Problem to work on:
Restate the records word for word. Include no pictures.

Information: Begin

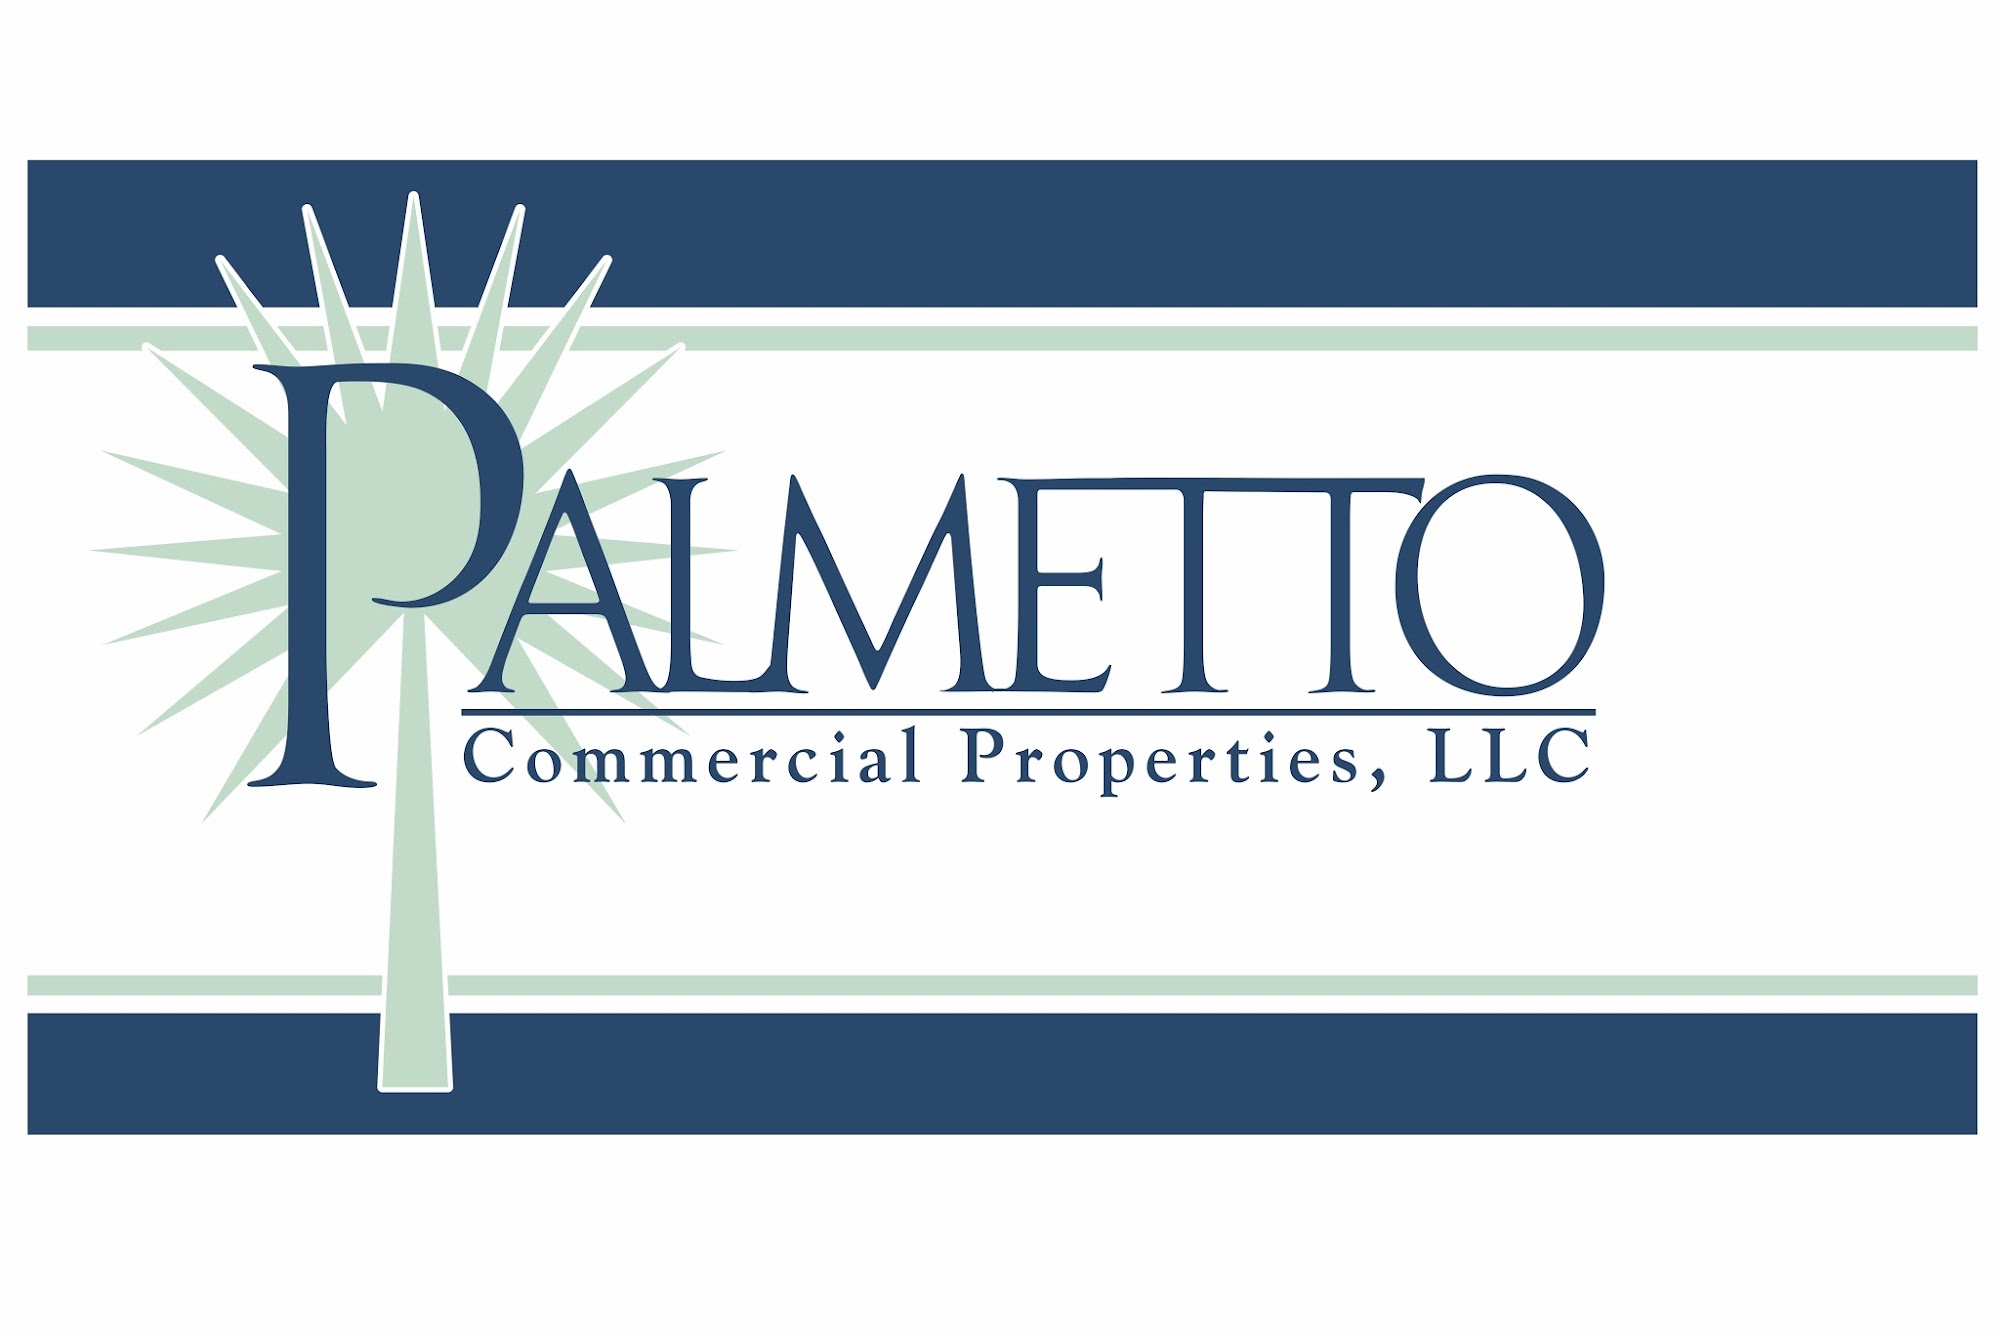 Palmetto Commercial Properties, LLC
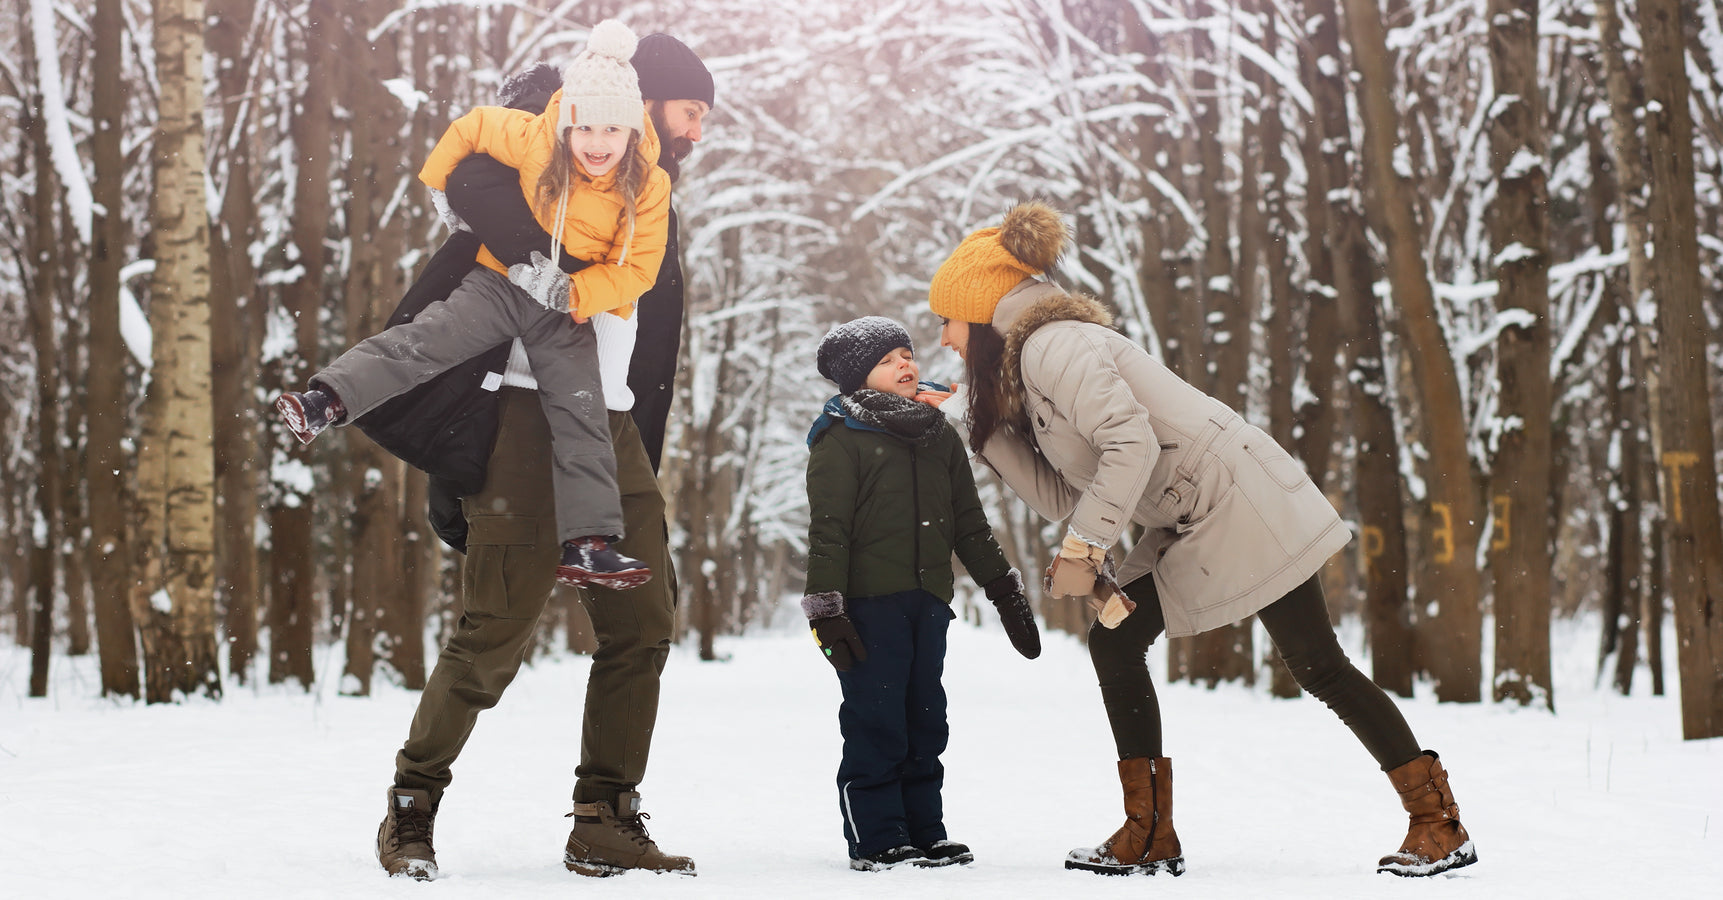 This image shows a happy young family having fun wearing Arcfomor gloves outdoors in the snow
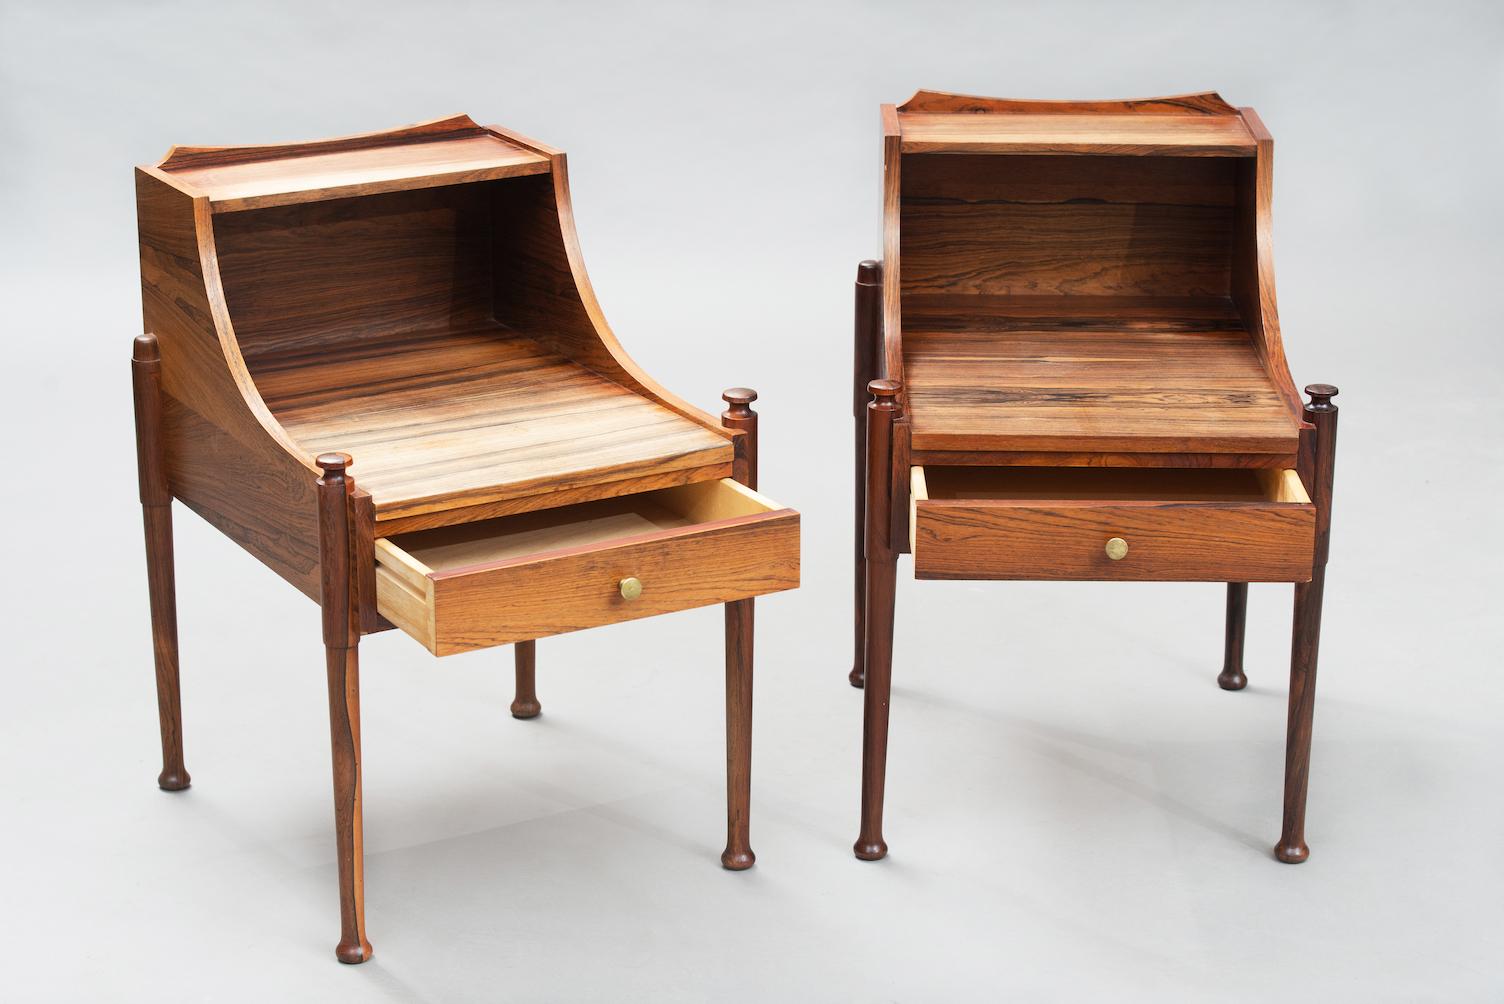 Danish Mid-Century Modern sculptural rosewood bedside tables.
This items are in original condition, can be sold as they are or fully restored, the price shown is in original condition.
 
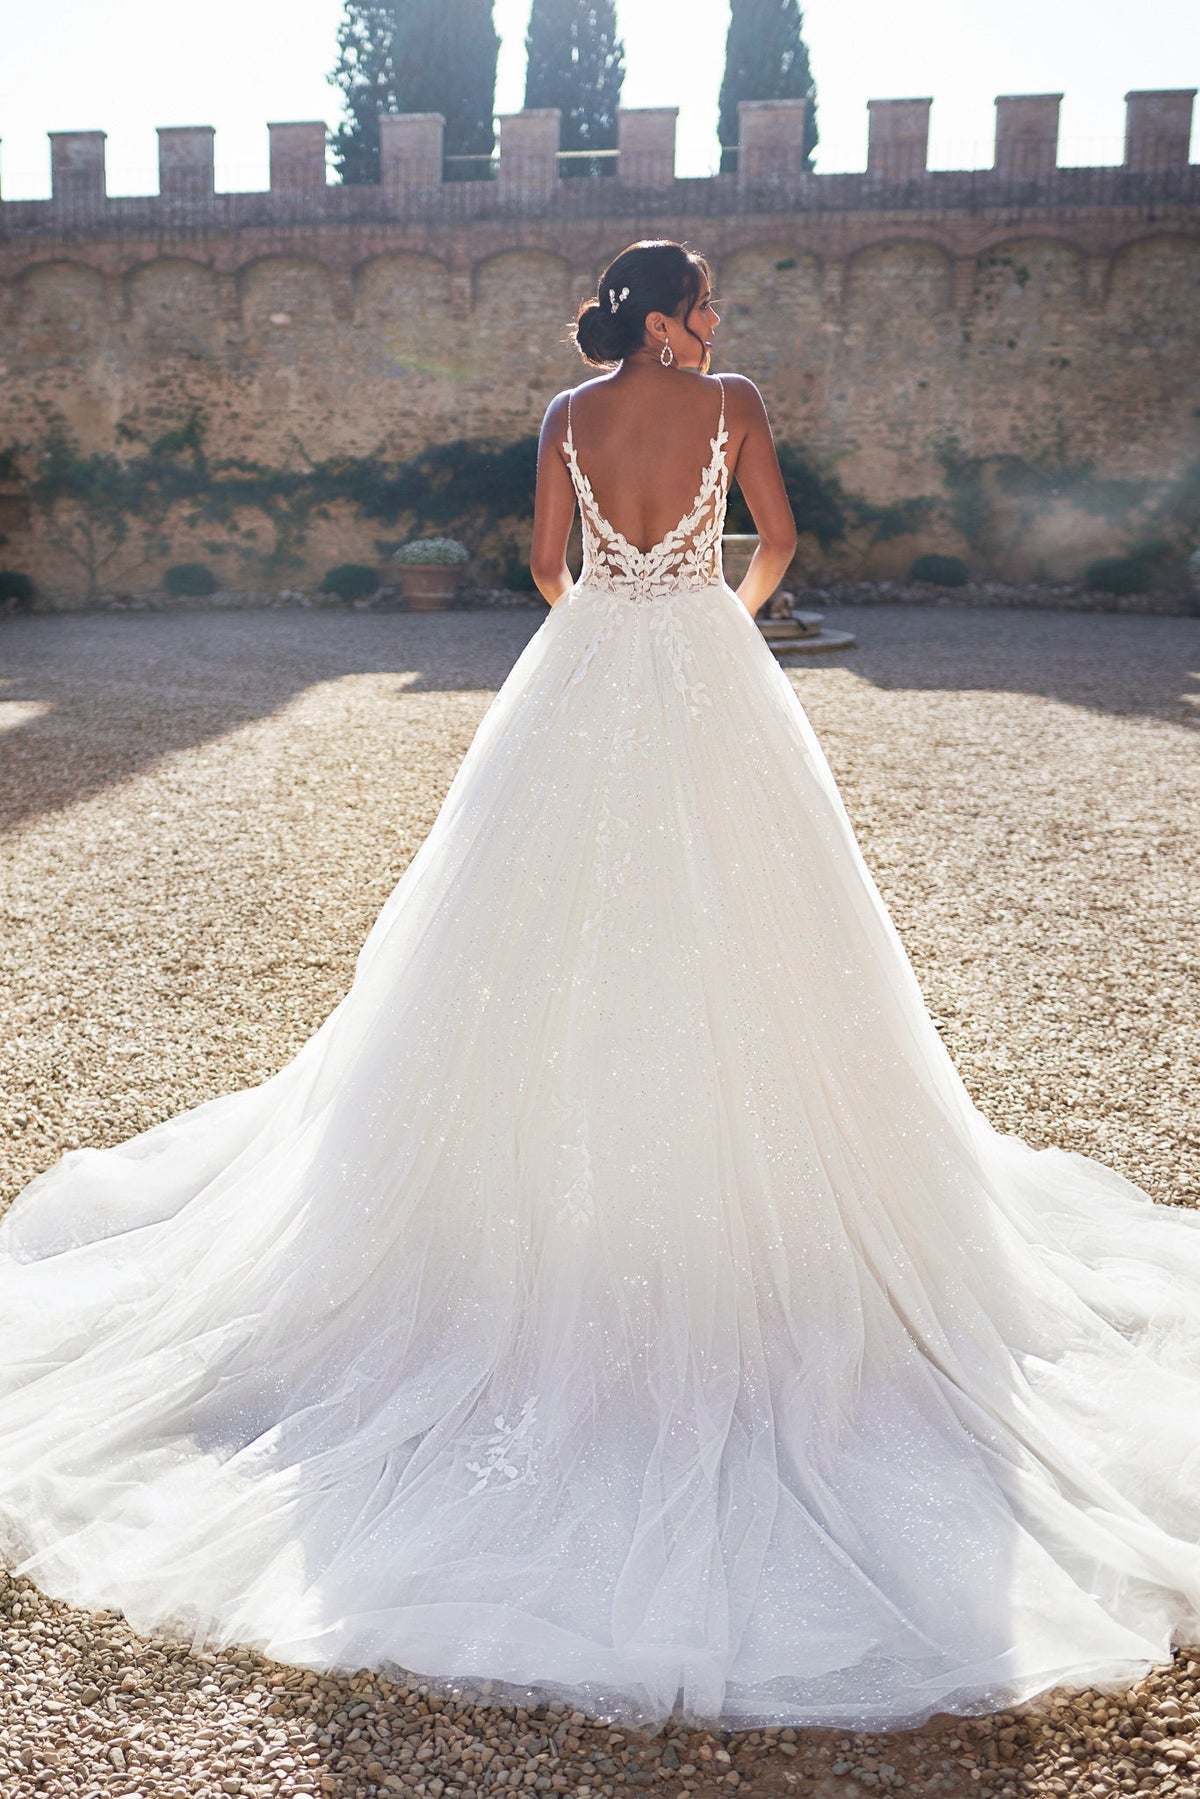 Stunning Lace-Embroidered Bridal Ball Gown Wedding Dress with Sparkling Tulle Skirt and Floral Appliqués

Information: End

Exercise solution:
 Palmetto Commercial Properties, LLC
 This image shows a happy young family having fun wearing Arcfomor gloves outdoors in the snow
 Danish Mid-Century Modern sculptural rosewood bedside tables.
This items are in original condition, can be sold as they are or fully restored, the price shown is in original condition.
 
 Stunning Lace-Embroidered Bridal Ball Gown Wedding Dress with Sparkling Tulle Skirt and Floral Appliqués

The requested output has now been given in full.